En Amérique, il est d'authentiques irresponsables dans la hiérarchie des décisions à des hauteurs insoupçonnées. A suivre les primaires républicaines et démocrates on peut être saisi d'inquiétude. Mais en Amérique il est aussi des hommes et des dispositifs raisonnables qui savent distinguer la distance qui s'impose entre le souhaitable et le possible. 

Est-ce peut-être ainsi qu'il conviendrait d'interpréter la destruction du bombardier russe par la chasse turque? 

Notes 

Ironiquement, Obama a beau jeu de se poser en arbitre bienveillant, conseillant à Moscou et à Ankara de se concentrer sur leur ennemi commun. 

2- Au cours de ce sommet, Ali Khamenei déclare: «le plan à long terme des Américains est de dominer la Syrie et ensuite prendre le contrôle de la région». C'est, selon lui, «une menace (...) en particulier pour la Russie et l'Iran». Bachar al-Assad «est le président légal et élu par le peuple syrien» et «les Etats-Unis n'ont pas le droit d'ignorer ce vote et ce choix». 

3- Cf. «Poutine». Le Quotidien d'Oran, 05 octobre 2011. 

4- Seules les contradictions internes, propres au système piloté à partir de l'Amérique, limitent ses capacités d'intervention ou génèrent les incohérences apparentes qui troublent les analyses des «experts» qui se perdent quelques fois en conjectures. Cf. A. Benelhadj: Netanyahu à Washington. Le Quotidien d'Oran, 19 mars 2015. 

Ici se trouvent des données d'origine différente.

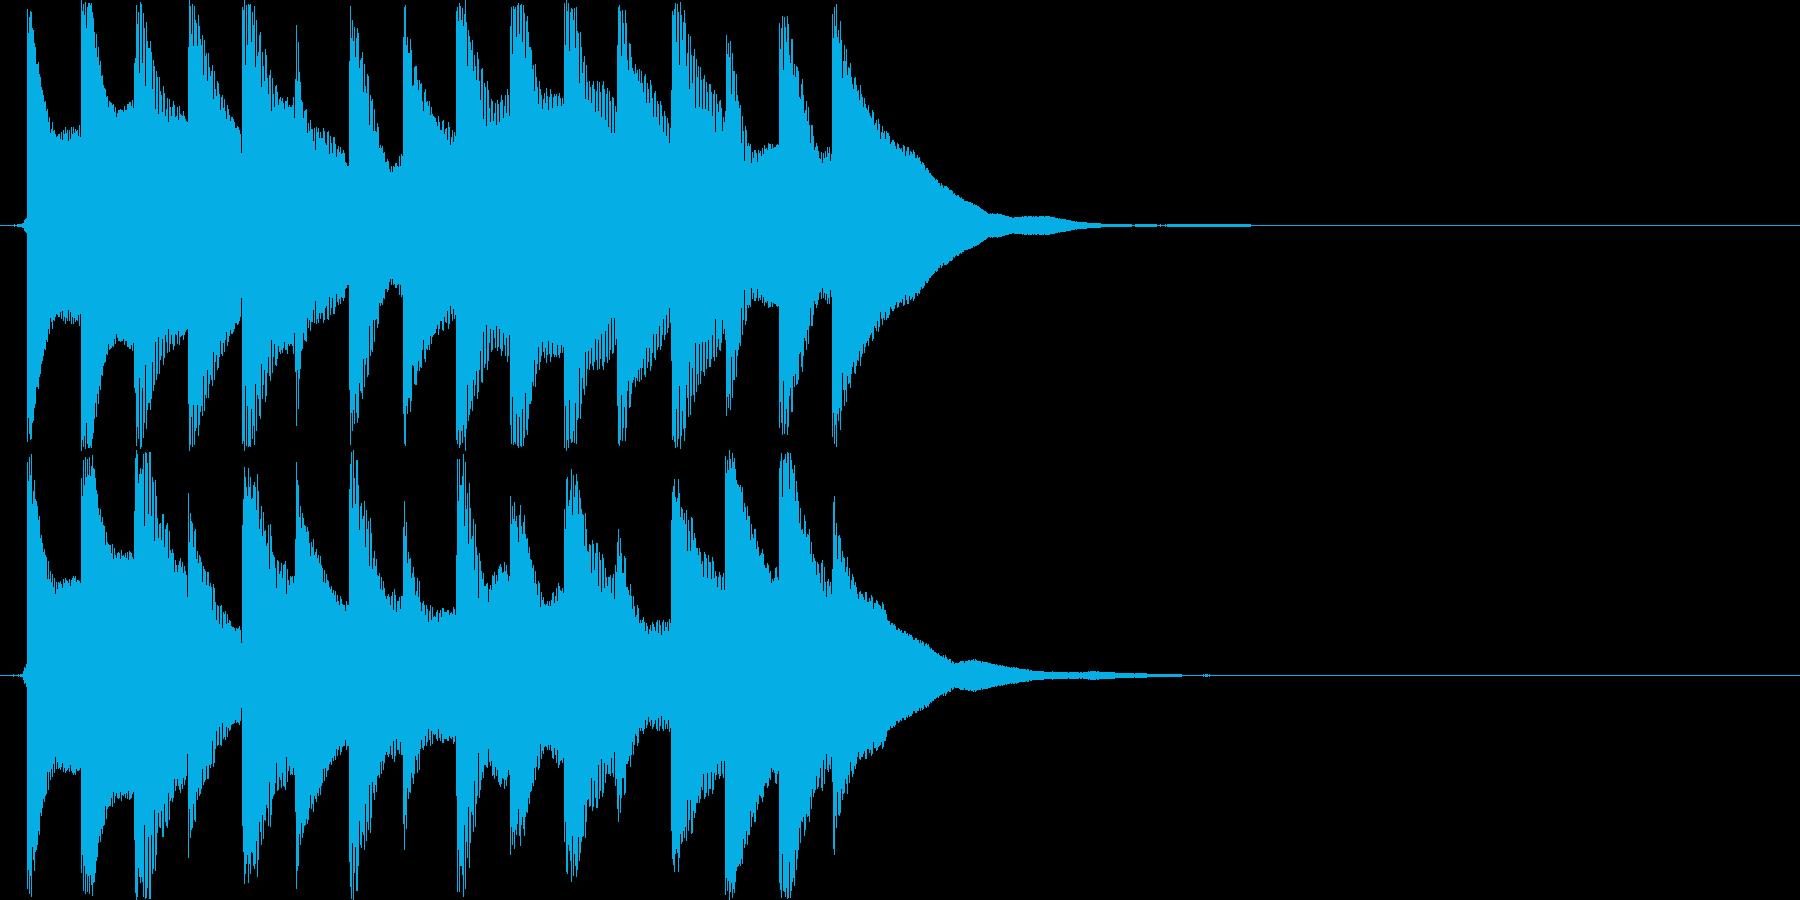 ピロピロピロピロ(伏せ音、自主規制)の再生済みの波形

5- Dans le gouvernement formé au mois de décembre 2014 le ministère de l'Économie est confié à l'homme d'affaires lituanien Aivaras Abromavicius (formé à la Concordia University dans le Wisconsin), celui des finances à une américaine Natalie Jaresko, ancienne chef de la section économique de l'ambassade des États-Unis en Ukraine de 1992 à 1995 et le portefeuille de la santé à Aleksander Kvitachvili, ancien ministre de la Santé de Géorgie, pays qui accueille la principale base de l'Otan de la région. Tous les trois naturalisés ukrainiens par décret présidentiel express. Des mœurs qui n'auraient pas été reniées par H. Kissinger à l'époque où il faisait et défaisait les gouvernements en Amérique du Sud à coups de coups d'Etat militaires.